I am not discounting other games like the Military Industrial Complex making as much money as possible but war is an accident unless people tire of almost war to the extent they begin to stop believing it will lead to imminent war.

The commenters are wrong the US is a player in a silly dangerous game not a lone bull in a china shop.
(Sorry about duplicate if comments delay many hours).
+1 # readerz 2012-07-05 19:48
I guess we are expected to have "resolve" about this; I remember when Bush said the word "resolve" meaning defending his family's oil interests through deception. When I think of Iran, I think of music, some of the best music in the world shared with northern India. And that is a symbol of this problem: we don't listen to the music.

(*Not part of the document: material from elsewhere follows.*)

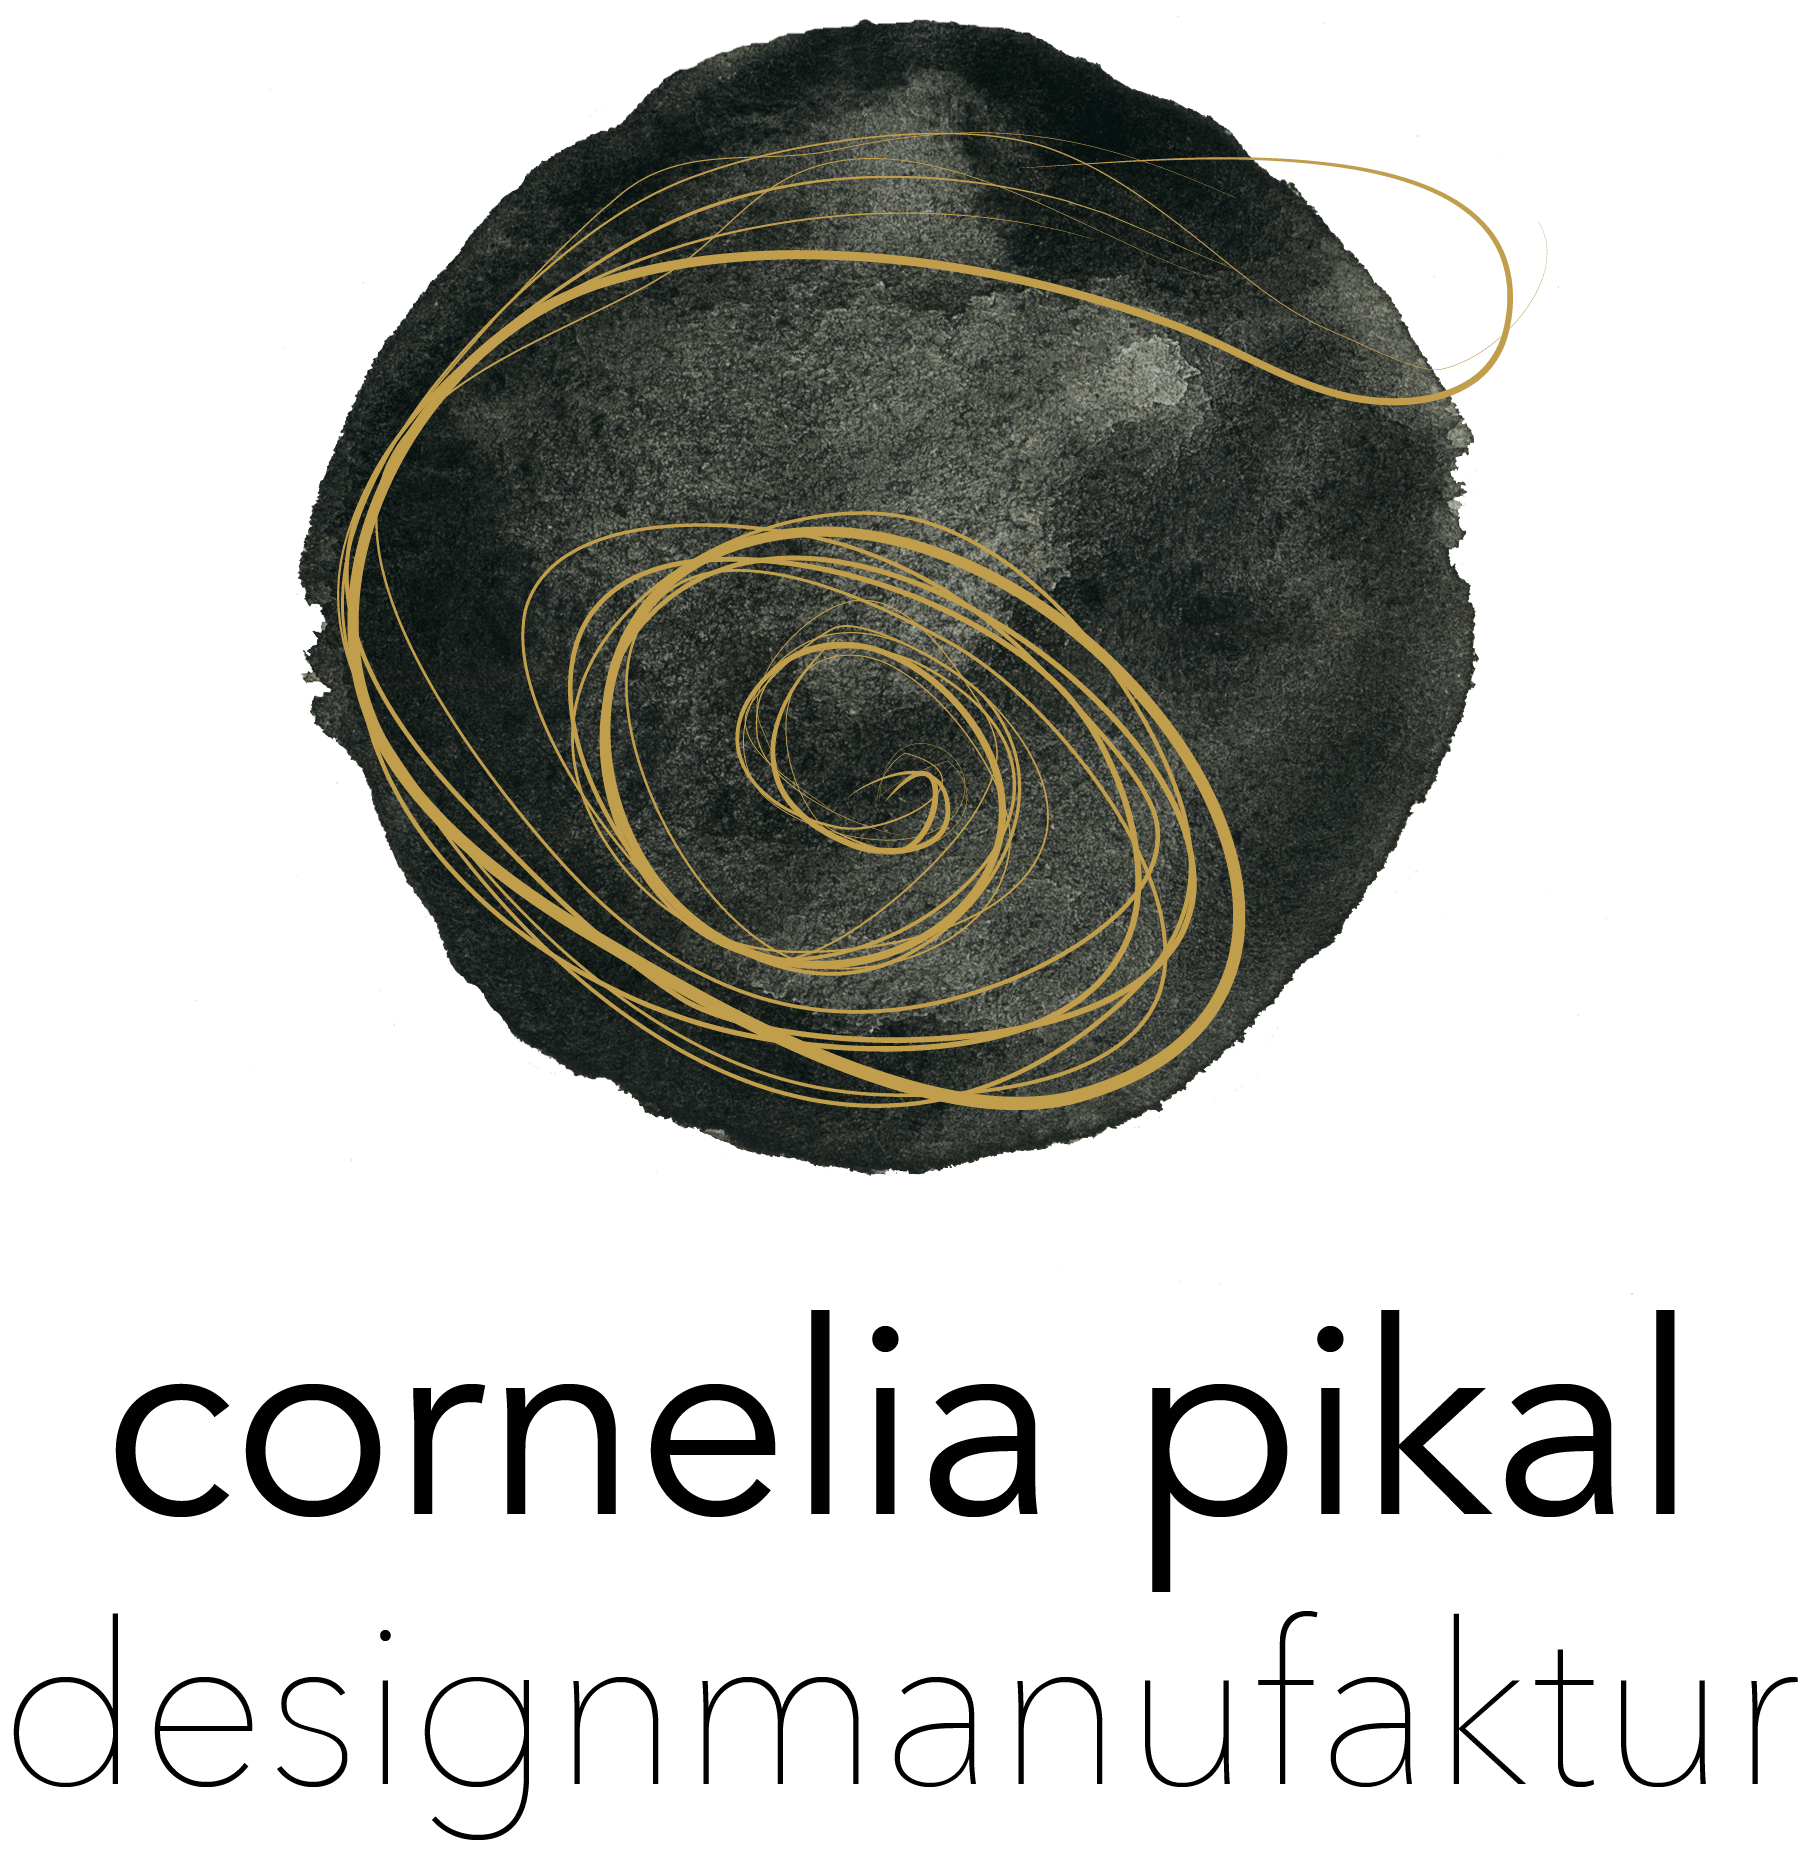 (c) Cornelia-pikal.de

Meanwhile, Sudan has had destruction in Timbuktu, but that is only rich in culture, not oil, so it won't matter to us.
0 # Kwelinyingi 2012-07-06 07:03
Correction: I think Timbuktu is in Mali, not Sudan. Agreed about the destruction though, both that is anticipated in Iran and the ongoing one in Timbuktu. Very sad. A historian friend mentioned some years back there were some 100,000 untranslated manuscripts waiting to be studied, etc. Rather like the burning of the Alexandria library.
0 # Valleyboy 2012-07-12 09:54
I love it how the corporate press present Iran as the aggressor in this context!

Don't give these scumbags your money people.